- Occupation: Art curator
- Children: 2
- Parent(s): Mark Dent-Brocklehurst (father) Elizabeth Chipps (mother)

= Mollie Dent-Brocklehurst =

British art curator

Mollie Dent-Brocklehurst is a British art curator and former president of London's Pace Gallery. She is the co-founder and chief creative officer of Superblue, a company she founded in 2020. She and members of her family own Sudeley Castle, where she has curated sculpture exhibitions.

== Art career ==
Dent-Brocklehurst began her career in the mid-1990s at Sotheby's London and then in New York. It was there that she joined the Gagosian Gallery, becoming a director in 1997. In 1999, Dent-Brocklehurst returned to London to orchestrate the opening of Gagosian's first London Gallery where she became the first director until 2008. She worked alongside Dasha Zhukova to found The Garage Centre for Contemporary Culture in Moscow that same year. Parallel to this, between 2004 and 2008, Dent-Brocklehurst organized the reconstruction sculpture project at Sudeley Castle, her ancestral home. This project triggered a number of similar exhibitions, such as those at Chatsworth and Blenheim Palace, which brought monumental contemporary sculpture to Grade I listed grounds.
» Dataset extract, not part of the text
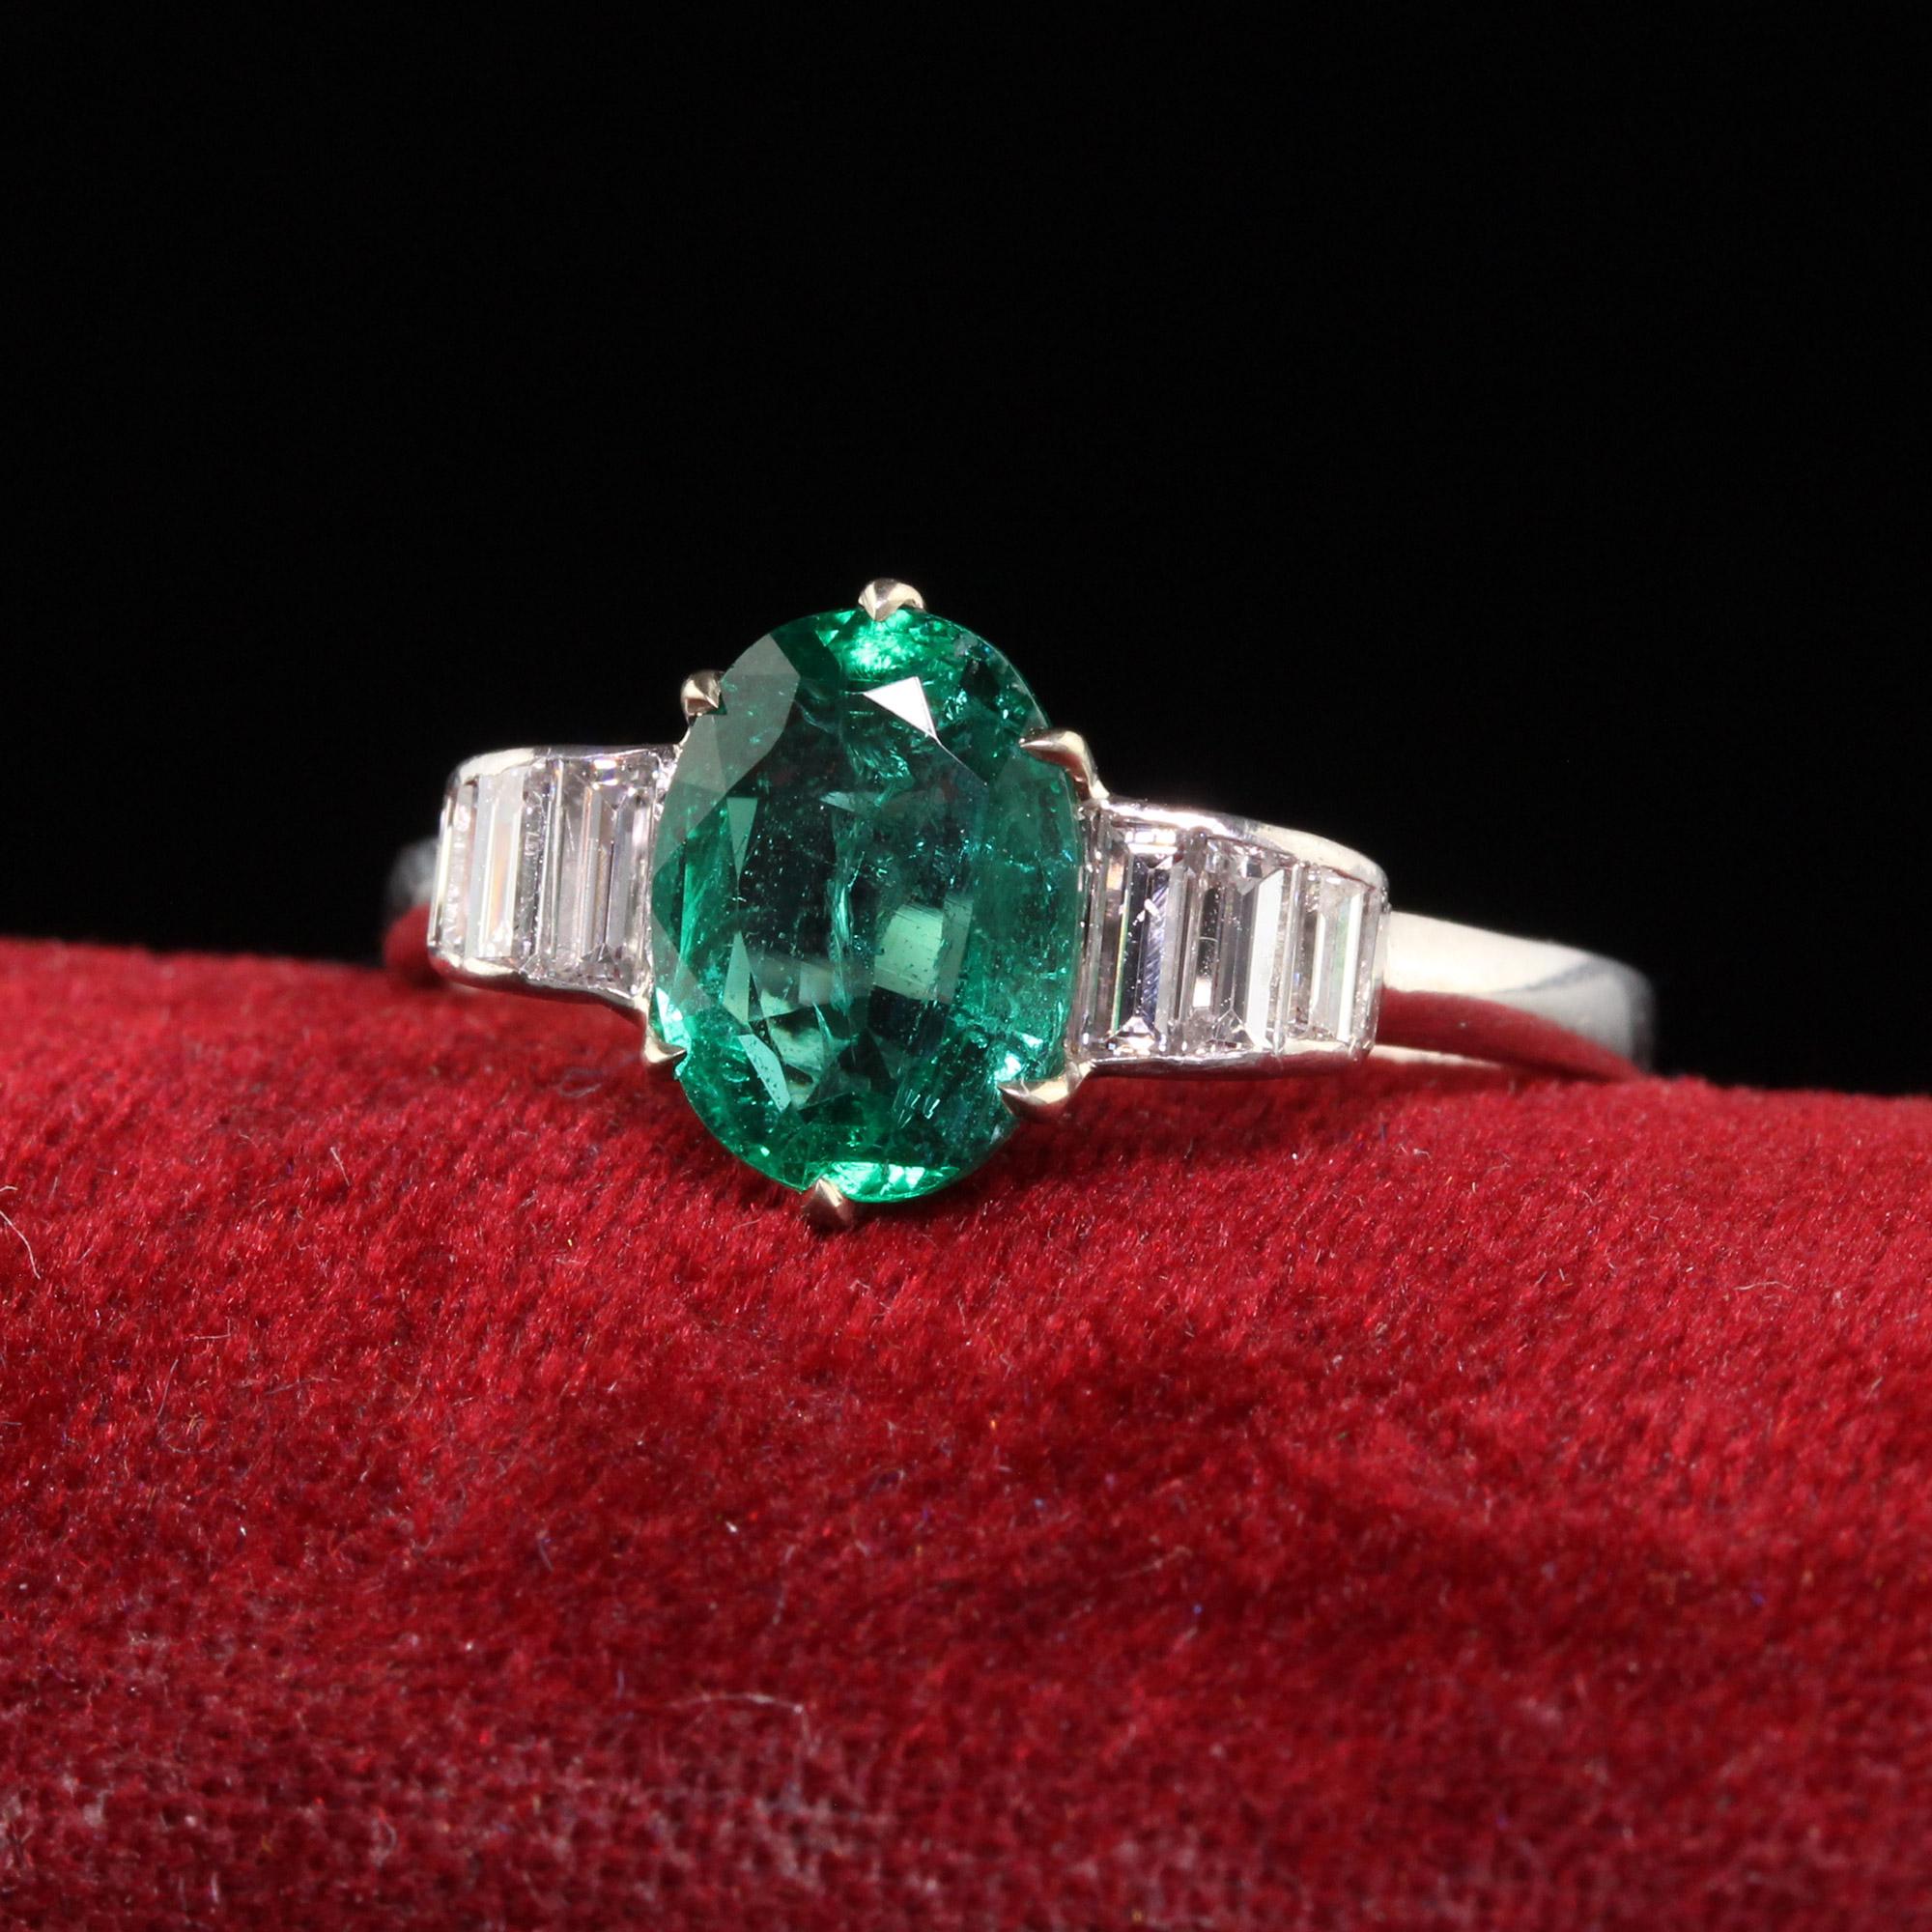 Beautiful Vintage Retro Platinum Natural Emerald and Diamond Engagement Ring. This gorgeous engagement ring is crafted in platinum. The center holds a natural oval cut emerald with a deep green saturation of color. The sides are custom cut baguettes

In 2010, she was appointed to set up the first branch of Pace Gallery in London, where she was the president from 2012 to 2017. In 2017, she joined the Founder of FutureCity, Mark Davy, in a two-year project named Future/Pace, which aimed to extend the reach of contemporary art beyond the conventional boundaries of gallery walls, bringing it into the public domain. Future/Pace delivered site-specific contemporary art projects by artists such as Leo Villareal and Studio Drift.

In 2020, she co-founded Superblue with Marc Glimcher and Laurene Powell Jobs. Superblue opened its first space in Miami in 2021 following delays related to the COVID-19 pandemic. Superblue's emphasis on immersive and experimental art, together with its revenue-sharing model with artists, set it apart from other traditional museums and galleries. In September 2023, Dent-Brocklehurst was appointed chief creative officer of Superblue, and Marc Spiegler joined the Superblue board of directors.

==Personal life==
Dent-Brocklehurst married Duncan Ward in 2002 and they have two children. They divorced in 2012.